In [18]:

    
%pylab inline
rcParams['figure.figsize'] = (10,6)
from scipy import interpolate
from lagranto import Tra
from mpl_toolkits.axes_grid1 import AxesGrid
import matplotlib.gridspec as gridspec
from mpl_toolkits.basemap import Basemap
from matplotlib.collections import LineCollection









    



Populating the interactive namespace from numpy and matplotlib






    



WARNING: pylab import has clobbered these variables: ['mean', 'std']
`%matplotlib` prevents importing * from pylab and numpy

Loading trajectories using Tra



In [2]:

    
filename = 'data/lsl_20070119_12_ana_48'
trajs = Tra(filename)
print trajs
print trajs.shape









    



         303 trajectories with 9 time steps. 
         Available fields: time/lon/lat/p/Q/RH/TH/PV/P/LABEL
         total duration: 2880.0 minutes
(303, 9)

Interpolate PV to evenly spaced pressure levels



In [3]:

    
ilevels = np.arange(200,1000,50)
nlev = len(ilevels)



In [4]:

    
def interp(pvalue, intvalue):
    interpfield = interpolate.interp1d(pvalue[::-1], intvalue[::-1], bounds_error=False)
    return interpfield(ilevels)



In [5]:

    
ntrajs = {}
variables = ['Q', 'RH', 'TH', 'PV']
for var in variables:
    ntrajs[var] = np.zeros((trajs.ntra, nlev))
for i, traj in enumerate(trajs):
    for var in variables:
        ntrajs[var][i, :] = interp(traj['P'], traj[var])
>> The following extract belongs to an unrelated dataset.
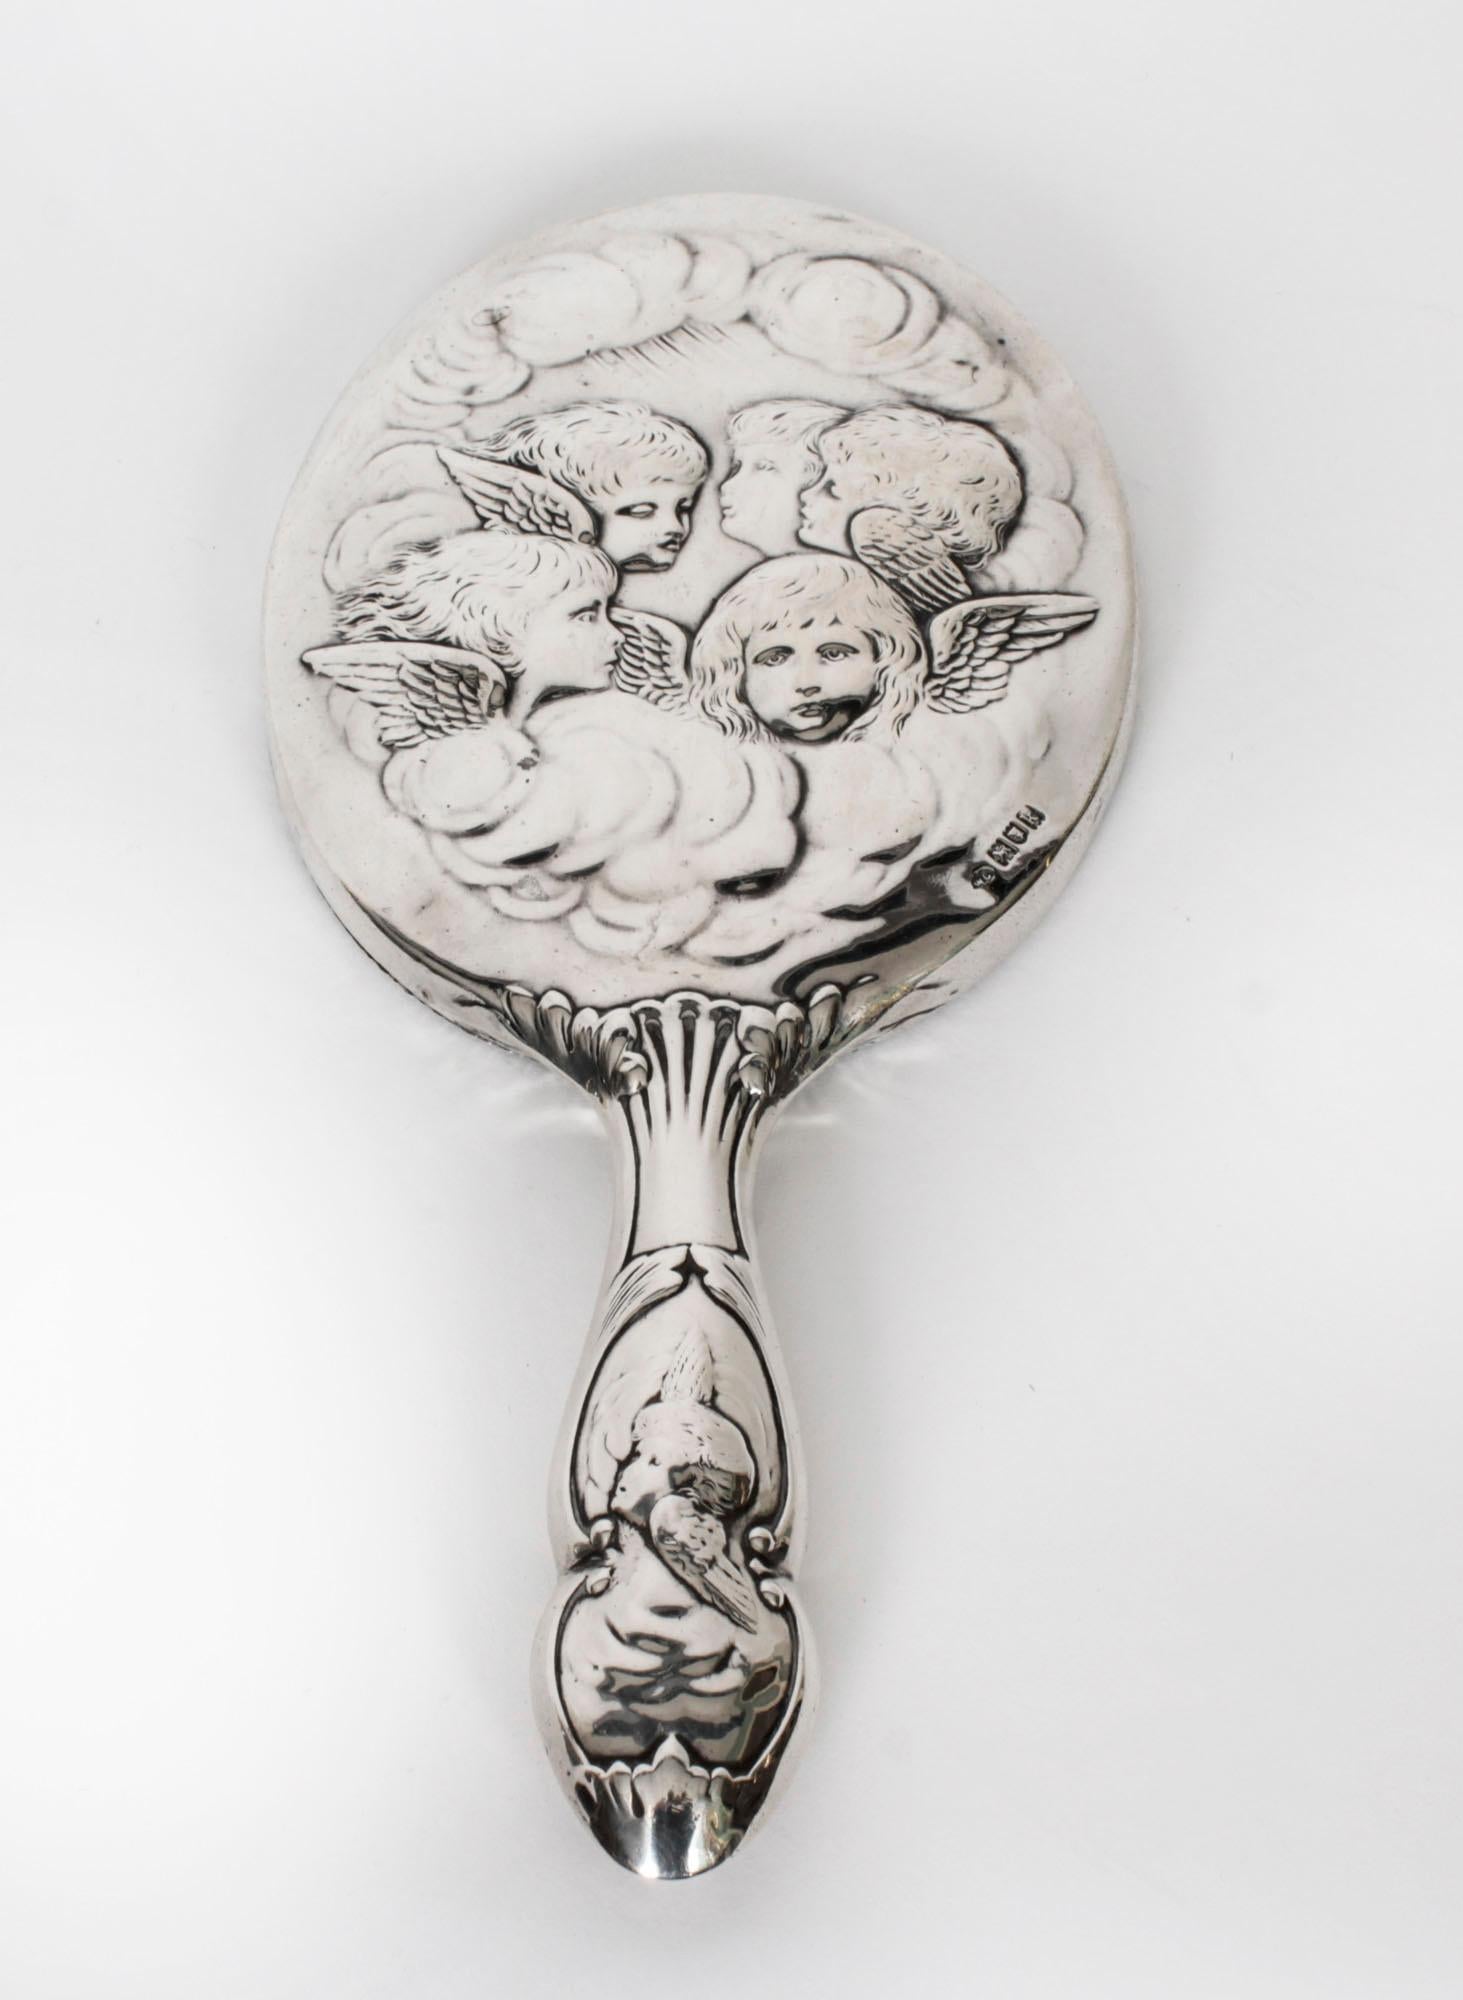 Dies ist eine atemberaubende englische antike Silber Hand Spiegel mit Punzierungen für London 1905 und die Hersteller Marke des renommierten Silberschmied William Comyns und Söhne.
 
Der Spiegel besteht aus ovalem, abgeschrägtem Glas mit einem

Plot the mean, mean + std, mean - std of PV interpolated on pressure levels



In [19]:

    
ax = subplot(111)
mean = np.nanmean(ntrajs['PV'], axis=0)
std = np.nanstd(ntrajs['PV'], axis=0)
pstd = mean + std
mstd = mean - std
_ = fill_between(ilevels, pstd, mstd, alpha=0.5, label='+/- standar deviation')
_ = plot(ilevels, np.nanmean(ntrajs['PV'], axis=0), 'r', label='mean')
_ = xticks(ilevels)
ax.invert_xaxis()
legend()









    Out[19]:





<matplotlib.legend.Legend at 0x7949f90>

Plot the same values for TH, RH, PV, Q in a 4x4 plot using AxesGrid



In [7]:

    
def plot_mean_std(pos, var):
    ax = subplot(pos)
    mean = np.nanmean(ntrajs[var], axis=0)
    std = np.nanstd(ntrajs[var], axis=0)
    pstd = mean + std
    mstd = mean - std
    mins = np.nanmin(mstd)
    maxs = np.nanmax(pstd)
    ax.set_title(var)
    _ = ax.fill_between(ilevels, pstd, mstd, alpha=0.5, label='+/- standar deviation')
    _ = ax.plot(ilevels, np.nanmean(ntrajs[var], axis=0), 'r', label='mean')
    _ = ax.set_xticks(ilevels)
    ax.invert_xaxis()
    legend()



In [8]:

    
fig = figure(figsize=(20,20))
grid = gridspec.GridSpec(2,2, wspace=0.1, hspace=0.1)
for box, var in zip(grid, variables):
    plot_mean_std(box, var)

Do a scatter plot of Q versus PV, with points colored by pressure



In [20]:

    
scatter(trajs['Q'], trajs['PV'], c=trajs['P'])
colorbar()









    Out[20]:





<matplotlib.colorbar.Colorbar instance at 0x81b6710>

Plot TH at each P level in the form of a boxplot



In [21]:

    
ax = subplot(111)
bplot = boxplot(ntrajs['TH'], sym='')
for line in bplot['medians']:
    line.set_color('k')
ax.set_xticklabels([str(level) for level in ilevels])
ax.invert_xaxis()

Plot the trajectories on a map



In [11]:

    
lllon,urlon = trajs['lon'].min(), trajs['lon'].max()
lllat,urlat = trajs['lat'].min(), trajs['lat'].max()
mapf = Basemap(llcrnrlon=lllon,llcrnrlat=lllat, urcrnrlon=urlon, urcrnrlat=urlat, resolution='i')



In [22]:

    
mapf.drawcoastlines()
mapf.plot(trajs['lon'].T, trajs['lat'].T, latlon=True, color='k')
title('Trajectories')









    Out[22]:





<matplotlib.text.Text at 0x584b210>

Plot the trajectories colored by pressure on a map



In [23]:

    
mapf.drawcoastlines()
for traj in trajs:
    points = np.array([traj['lon'], traj['lat']]).T.reshape(-1, 1, 2)
    segments = np.concatenate([points[:-1], points[1:]], axis=1)
    lc = LineCollection(segments, cmap=plt.get_cmap('Spectral'))
    lc.set_array(traj['P'])
    plt.gca().add_collection(lc)
colorbar(lc)









    Out[23]:





<matplotlib.colorbar.Colorbar instance at 0x9c47b90>



In [ ]: